The filter-chain allows you to create an arbitrary processing graph from LADSPA, LV2 and builtin filters.

This filter can be made into a virtual sink/source or between any 2 nodes in the graph.

The filter chain is built with 2 streams, a capture stream providing the input to the filter chain and a playback stream sending out the filtered stream to the next nodes in the graph.

Because both ends of the filter-chain are built with streams, the session manager can manage the configuration and connection with the sinks and sources automatically.

Module Options

  • node.description: a human readable name for the filter chain
  • filter.graph = []: a description of the filter graph to run, see below
  • capture.props = {}: properties to be passed to the input stream
  • playback.props = {}: properties to be passed to the output stream

Filter graph description

The general structure of the graph description is as follows:

filter.graph = {
nodes = [
{
type = <ladspa | lv2 | builtin | sofa>
name = <name>
plugin = <plugin>
label = <label>
config = {
<configkey> = <value> ...
}
control = {
<controlname|controlindex> = <value> ...
}
}
...
]
links = [
{ output = <portname> input = <portname> }
...
]
inputs = [ <portname> ... ]
outputs = [ <portname> ... ]
}

Nodes

Nodes describe the processing filters in the graph. Use a tool like lv2ls or listplugins to get a list of available plugins, labels and the port names.

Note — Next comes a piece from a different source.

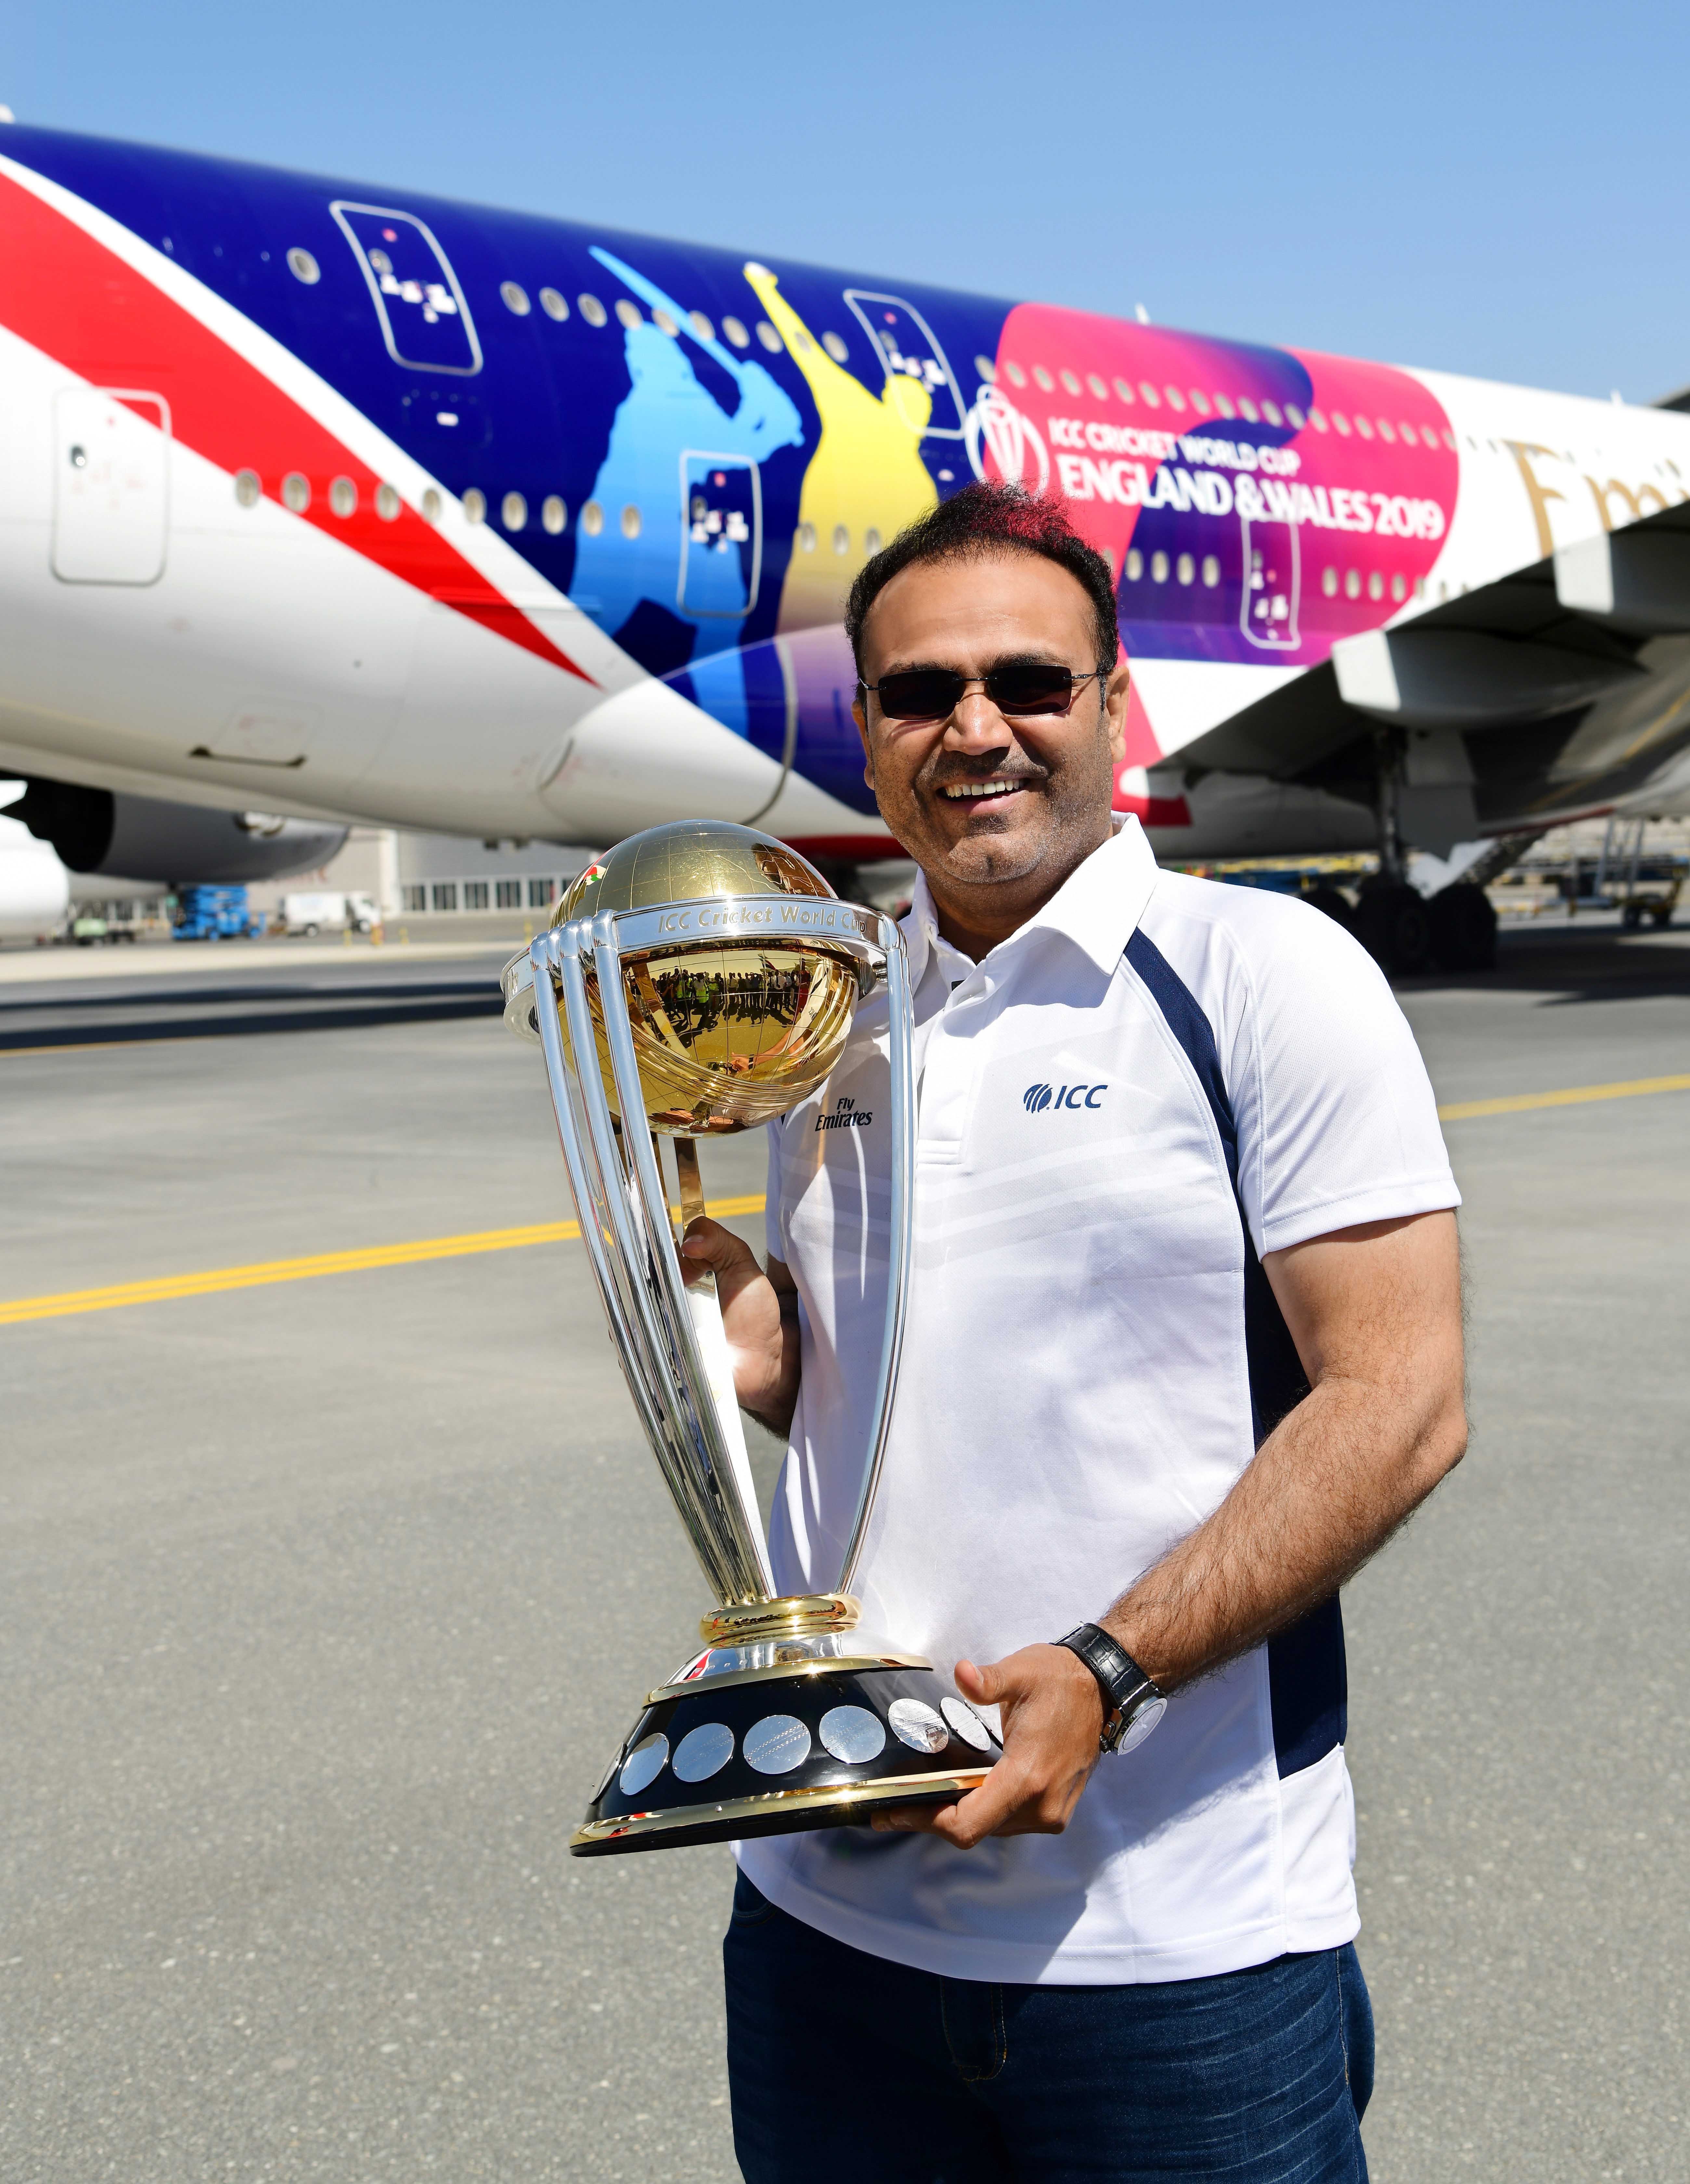  ICC Men’s Cricket World Cup 2011 winner, Virender Sehwag with the trophy.

  • type is one of ladspa, lv2, builtin or sofa.
  • name is the name for this node, you might need this later to refer to this node and its ports when setting controls or making links.
  • plugin is the type specific plugin name.
    • For LADSPA plugins it will append .so to find the shared object with that name in the LADSPA plugin path.
    • For LV2, this is the plugin URI obtained with lv2ls.
    • For builtin and sofa this is ignored
  • label is the type specific filter inside the plugin.
    • For LADSPA this is the label
    • For LV2 this is unused
    • For builtin and sofa this is the name of the filter to use
  • config contains a filter specific configuration section. Some plugins need this. (convolver, sofa, delay, ...)
  • control contains the initial values for the control ports of the filter. normally these are given with the port name but it is also possible to give the control index as the key.

Links

Links can be made between ports of nodes. The portname is given as <node_name>:<port_name>.

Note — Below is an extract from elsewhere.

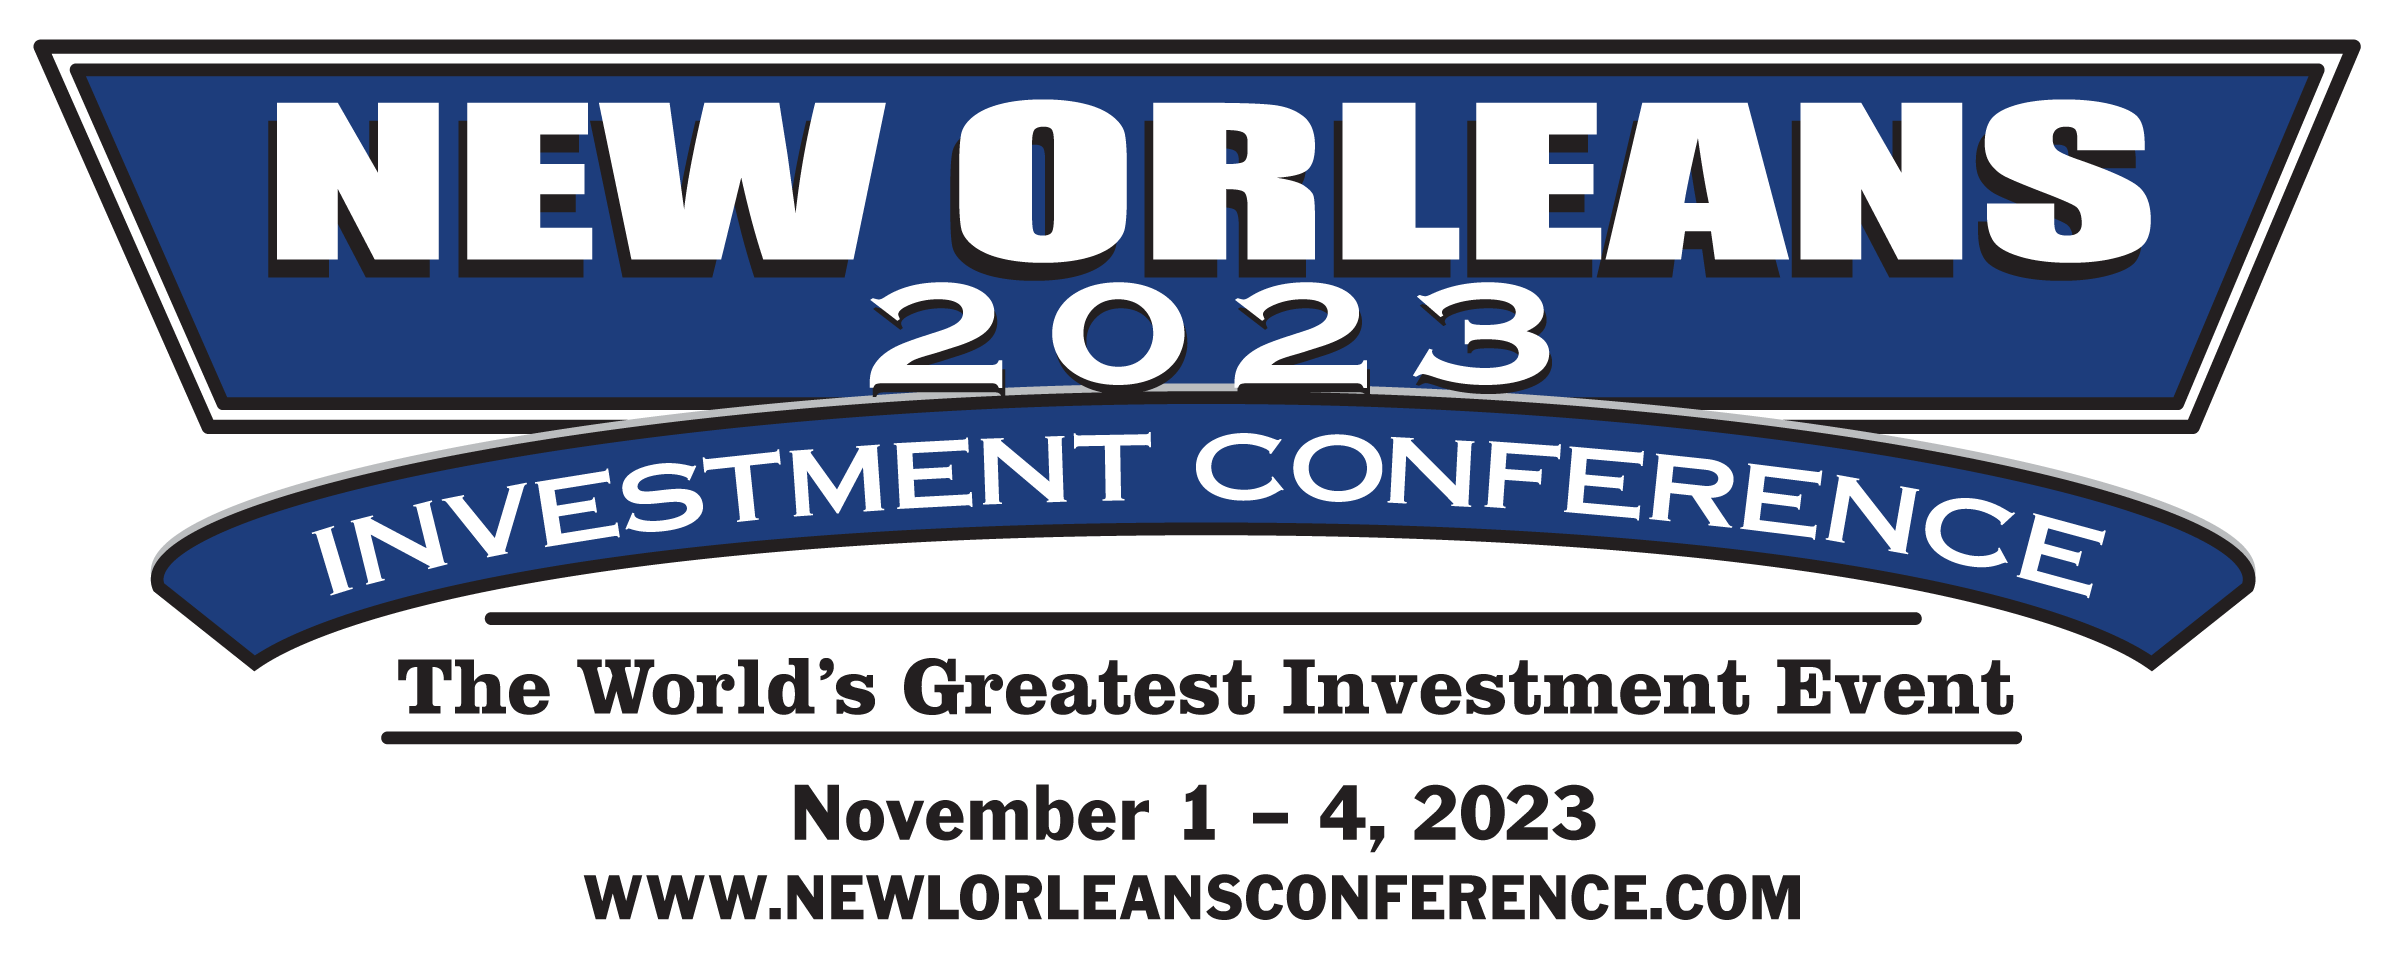 2023 New Orleans Investment Conference Logo with dates (November 1 - 4, 2023) and website (www.neworleansconference.com)

You can tee the output of filters to multiple other filters. You need to use a mixer if you want the output of multiple filters to go into one filter input port.

links can be omited when the graph has just 1 filter.

Inputs and Outputs

These are the entry and exit ports into the graph definition. Their number defines the number of channels used by the filter-chain.

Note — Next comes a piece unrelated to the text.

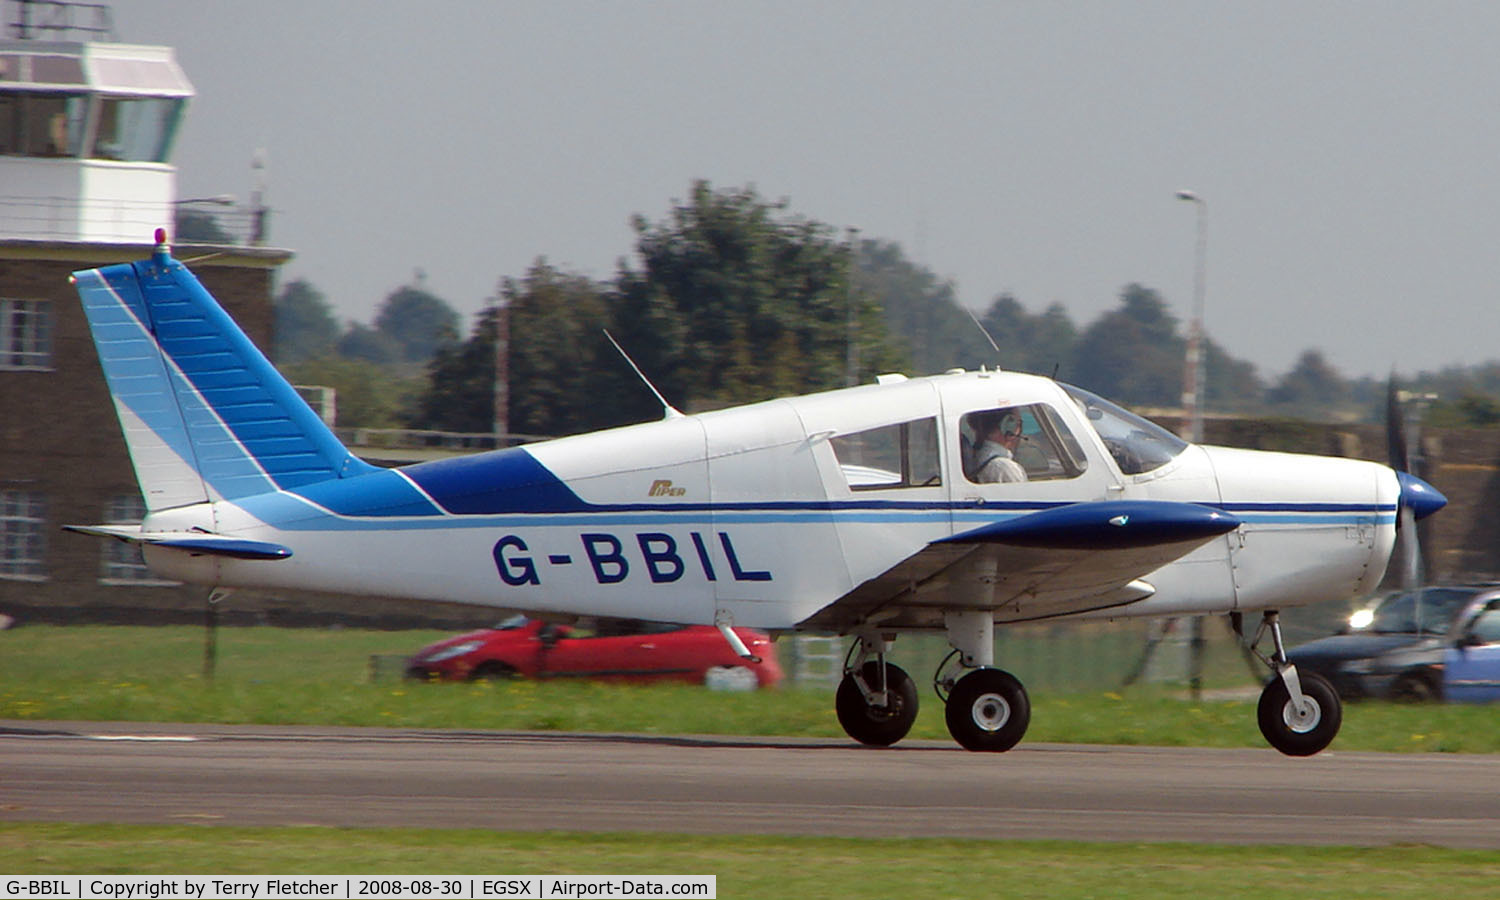 G-BBIL, 1967 Piper PA-28-140 Cherokee C/N 28-22567, Piper Pa-28-140 taxies in at North Weald

The <portname> can be null when a channel is to be ignored.

Each input/output in the graph can only be linked to one filter input/output. You need to use the copy builtin filter if the stream signal needs to be routed to multiple filters. You need to use the mixer builtin plugin if multiple graph outputs need to go to one output stream.

inputs and outputs can be omitted, in which case the filter-chain will use all inputs from the first filter and all outputs from the last filter node. The graph will then be duplicated as many times to match the number of input/output channels of the streams.

Builtin filters

There are some useful builtin filters available. You select them with the label of the filter node.

Mixer

Use the mixer plugin if you have multiple input signals that need to be mixed together.

The mixer plugin has up to 8 input ports labeled "In 1" to "In 8" and each with a gain control labeled "Gain 1" to "Gain 8". There is an output port labeled "Out". Unused input ports will be ignored and not cause overhead.

Copy

Use the copy plugin if you need to copy a stream input signal to multiple filters.

It has one input port "In" and one output port "Out".

Biquads

Biquads can be used to do all kinds of filtering. They are also used when creating equalizers.

All biquad filters have an input port "In" and an output port "Out". They have a "Freq", "Q" and "Gain" control. Their meaning depends on the particular biquad that is used. The biquads also have "b0", "b1", "b2", "a0", "a1" and "a2" ports that are read-only except for the bq_raw biquad, which can configure default values depending on the graph rate and change those at runtime.

We refer to https://arachnoid.com/BiQuadDesigner/index.html for an explanation of the controls.

The following labels can be used:

  • bq_lowpass a lowpass filter.
  • bq_highpass a highpass filter.
  • bq_bandpass a bandpass filter.
  • bq_lowshelf a low shelf filter.
  • bq_highshelf a high shelf filter.
  • bq_peaking a peaking filter.
  • bq_notch a notch filter.
  • bq_allpass an allpass filter.
  • bq_raw a raw biquad filter. You need a config section to specify coefficients per sample rate. The coefficients of the sample rate closest to the graph rate are selected:
filter.graph = {
nodes = [
{
type = builtin
name = ...
label = bq_raw
config = {
coefficients = [
{ rate = 44100, b0=.., b1=.., b2=.., a0=.., a1=.., a2=.. },
{ rate = 48000, b0=.., b1=.., b2=.., a0=.., a1=.., a2=.. },
{ rate = 192000, b0=.., b1=.., b2=.., a0=.., a1=.., a2=.. }
]
}
...
}
}
...
}

Convolver

The convolver can be used to apply an impulse response to a signal. It is usually used for reverbs or virtual surround. The convolver is implemented with a fast FFT implementation.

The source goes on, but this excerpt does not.